The earliest bone-based evidence of chickens in Africa dates to the late first millennium BCE, from the Saite levels at Buto, Egypt—approximately 685-525 BCE.

This study, published in the International Journal of Osteoarchaeology, pushes that date back by hundreds of years. The research also suggests that the earliest introductions may have come from trade routes on the continent’s eastern coast.

“Some of these bones were directly radiocarbon dated to 819–755 BC, and with charcoal dates of 919–801 BC, make these the earliest chickens in Africa,” Woldekiros says. “They predate the earliest known Egyptian chickens by at least 300 years and highlight early exotic faunal exchanges in the Horn of Africa during the early first millennium BC.”

Sifting through bird bones

Despite their widespread, modern-day importance, chicken remains are found in small numbers at archaeological sites. Because wild relatives of the galliform chicken species are plentiful in Africa, this study required researchers to sift through the remnants of many small bird species to identify bones with the unique sizes and shapes that are characteristic of domestic chickens.

Woldekiros, the project’s zooarchaeologist, studied the chicken bones at a field lab in northern Ethiopia and confirmed her identifications using a comparative bone collection at the Institute of Paleoanatomy at Ludwig Maximillian University in Munich.

Excavated by a team of researchers led by coauthor Catherine D’Andrea, professor of archaeology at Simon Fraser University in Canada, the bones analyzed for this study were recovered from the kitchen and living floors of an ancient farming community known as Mezber. The rural village was located in northern Ethiopia about 30 miles from the urban center of the pre-Aksumite civilization. The pre-Aksumites were the earliest people in the Horn of Africa to form complex, urban-rural trading networks.
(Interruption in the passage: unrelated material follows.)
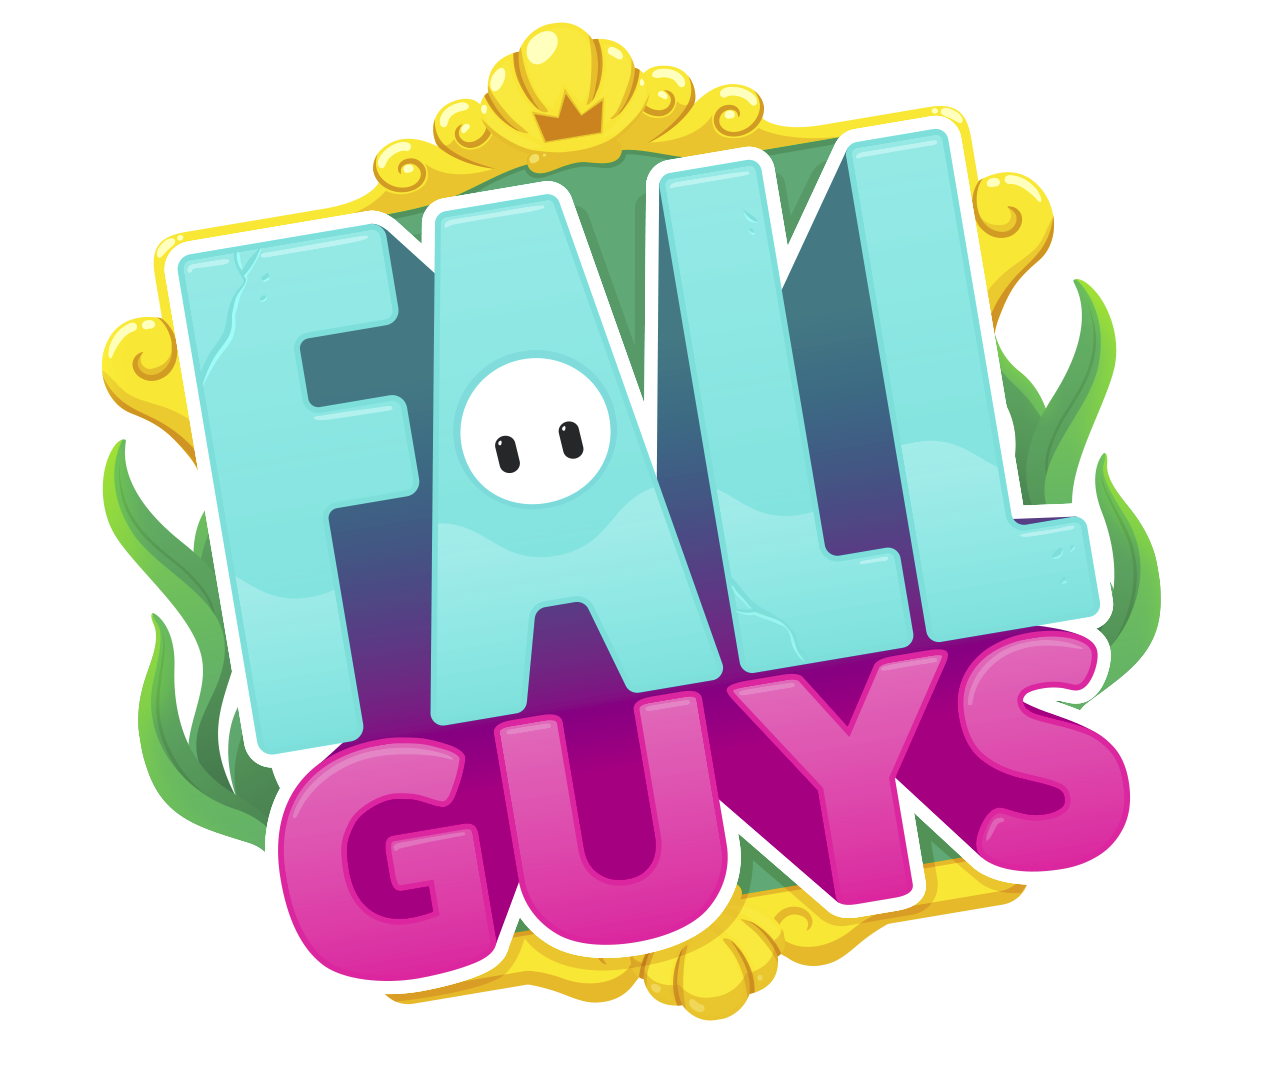 Fall Guys: Ultimate Knockout – logotyp

Linguistic studies of ancient root words for chickens in African languages suggest multiple introductions of chickens to Africa following different routes: from North Africa through the Sahara to West Africa; and from the East African coast to Central Africa. Scholars also have demonstrated the biodiversity of modern-day African village chickens through molecular genetic studies.

“It is likely that people brought chickens to Ethiopia and the Horn of Africa repeatedly over long period of time: over 1,000 years,” Woldekiros says. “Our archaeological findings help to explain the genetic diversity of modern Africans chickens resulting from the introduction of diverse chicken lineages coming from early Arabian and South Asian context and later Swahili networks.”

Failures and successes

These findings contribute to broader stories of ways in which people move domestic animals around the world through migration, exchange, and trade. Ancient introductions of domestic animals to new regions were not always successful. Zooarchaeological studies of the most popular domestic animals such as cattle, sheep, goats, and pigs have demonstrated repeated introductions as well as failures of new species in different regions of the world.

“Our study also supports the African Red Sea coast as one possible early route of introduction of chickens to Africa and the Horn,” Woldekiros says. “It fits with ways in which maritime exchange networks were important for global distribution of chicken and other agricultural products.

“The early dates for chickens at Mezber, combined with their presence in all of the occupation phases at Mezber and in Aksumite contexts 40 BC- 600 AD in other parts of Ethiopia, demonstrate their long-term success in northern Ethiopia. ”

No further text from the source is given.